Farsons Group CEO Norman Aquilina has called for a broader discussion about wage growth that goes beyond Cost Of Living Adjustment (COLA) considerations, which is projected to reach €13 per week in 2024, and called for bold measures to address the tight labour market.
He was asked to comment after the Malta Employers’ Association (MEA) released its pre-Budget document on Monday, in which it noted that the 2024 projected COLA increase is “unprecedented” and will place burdens on employers. This follows from a wage inflation survey carried out by the MEA in July 2023 which found that 56 per cent of survey respondents, with a sample size of around 250 businesses, faced higher wage inflation than the inflation registered in Malta this year.

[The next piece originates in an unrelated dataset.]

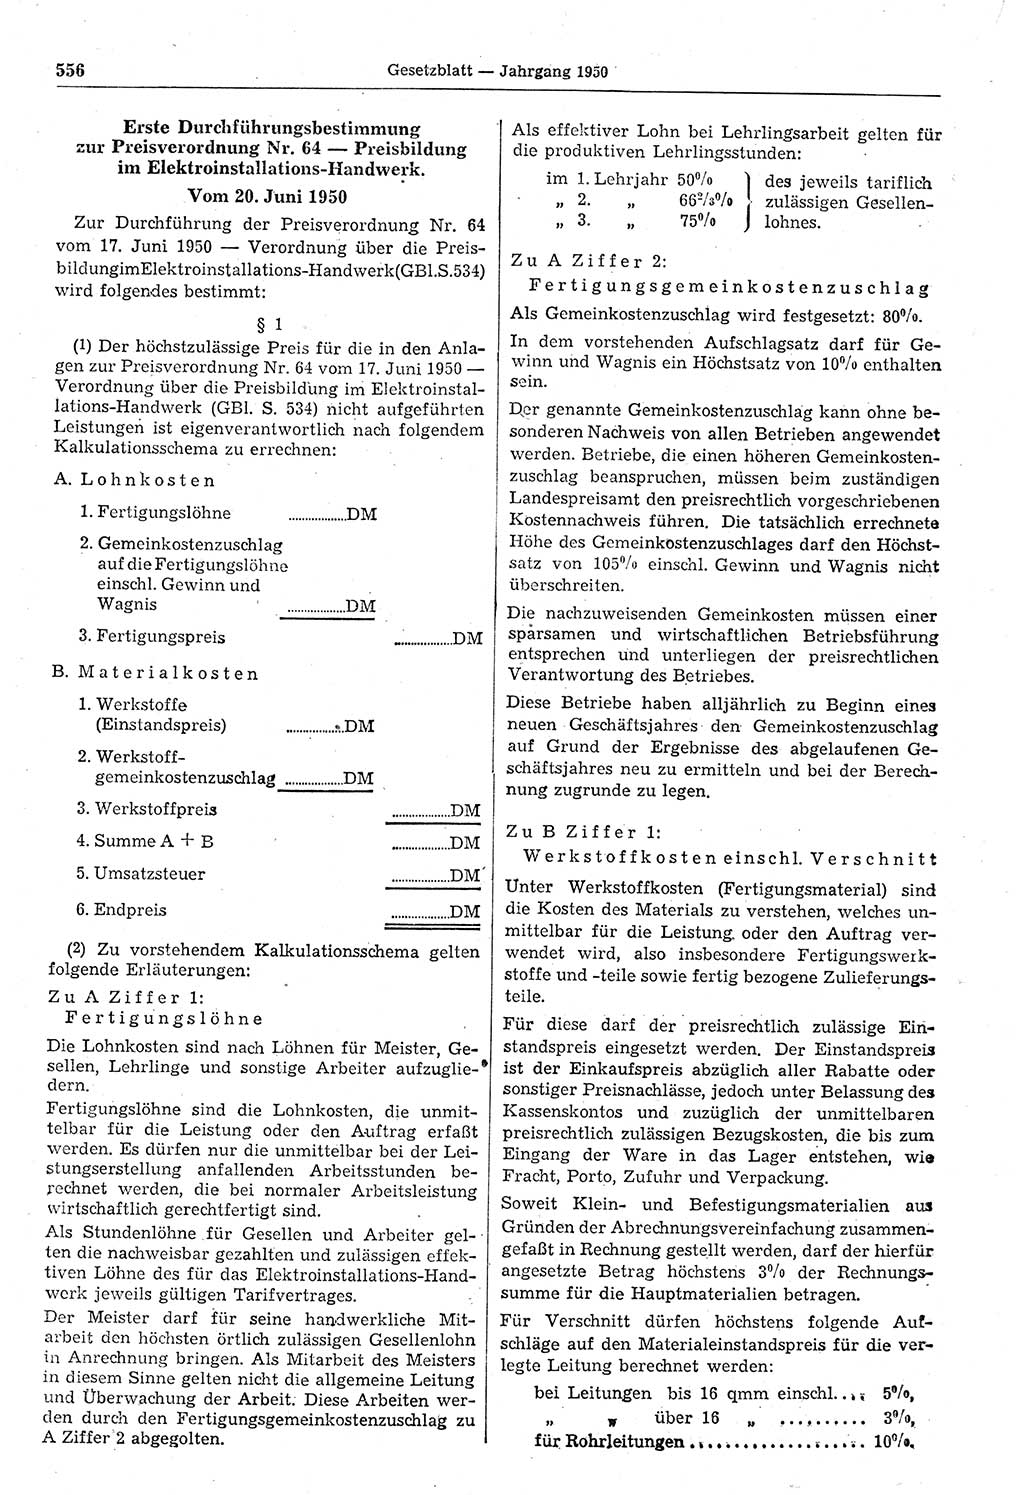 Gesetzblatt (GBl.) der Deutschen Demokratischen Republik (DDR) 1950, Seite 556 (GBl. DDR 1950, S. 556)

To mitigate the impacts of the expected COLA for 2024, the MEA proposed changes to tax bands so that €3 of the weekly figure is compensated through tax deductions.
Following this, MaltaCEOs.mt reached out to Mr Aquilina, who is at the helm of one of Malta’s largest companies, to understand the impact of a €13 COLA adjustment, and whether such incentives go far enough. As at the end of January 2023, Farsons Group employed an average of 910 full-time equivalent employees, meaning a €13 weekly adjustment to its wage bill would see it shell out roughly €47,000 extra each month.
The MEA proposal would see around €10,000 (23%) taken off the monthly COLA wage bill via tax deductions.
“One of the consequences of elevated inflationary pressure is higher salary demands. Apart from price increases, this is a reality we all must recognise. Nevertheless, it needs to be well managed to avoid risks of a wage-price spiral which can hurt both employers and employees,” Mr Aquilina told MaltaCEOs.mt.
He went on to muse that any measures to mitigate COLA increases should be “welcomed”, but, as the MEA has proposed, should be done in a way that alleviates the burden on employers, while ensuring that “employees are not short-changed on any cost-of-living entitlement”.
He noted that while it is “perfectly understandable” to focus on COLA ahead of Budget 2024, his main concern, when taking a wider and longer view, is more about the “notable wage growth which many businesses are experiencing, which more often goes well beyond COLA considerations”.
“Of course, there will be instances where wage growth is justified and affordable, but likewise there will be instances where it will not,” he remarked.
As a result, this highlights the importance of relativity between absorbing wage growth while still reaching higher productivity levels. Mr Aquilina explained that this “more comprehensive approach”, which relates to businesses’ competitiveness more directly, “is what is needed”.
Indeed, the aforementioned MEA July 2023 survey categorically found that wage increases are not being matched by productivity increases – a key indicator that Malta’s competitiveness is being eroded.
Mr Aquilina stated that in this context, Finance Minister Clyde Caruana “would do well to include, within the forthcoming Budget, some badly needed bold measures to address the tightness in our labour market”.
“While recognising the need for our policymakers to deal with any prevalent issues that may require immediate attention, it is important to also take a strategic approach which supports, both in the short and long term, the sustainable economic advancement and social wellbeing of all,” Mr Aquilina concluded.
And how does a tight labour market fit into a recent political decision to limit the number of third country nationals entering Malta?
In recent weeks, Government has come on record to confirm that a policy shift has taken place to reverse Malta’s dependency on third-country nationals – better known as TCNs – and businesses whose model is based on a never-ending supply of TCN workers, who often end up being exploited, will no longer be tolerated. Prime Minister Robert Abela also confirmed that new legislation was in the offing to regulate employment agencies, otherwise known as temping agencies, to curb any abuse.
Commenting on this issue recently via his LinkedIn network, Mr Aquilina called for well-timed and clearly structured regulations, and added that the finger cannot simply be pointed at businesses for taking advantage.
“The importation of TCNs is driven by the fact that there remains insufficient availability of workers within sections of our labour market, and not simply dependent on cost considerations.
“Indeed we have a paradoxical situation whereby the authorities continue to harp about imported cheap labour, yet seemingly fail to also acknowledge that many businesses are having to deal with notable wage growth.
“The growing importation of TCNs is the result of a tight labour market and symptomatic of an unsustainable economic model and consequently needs to be tackled within this broader perspective.”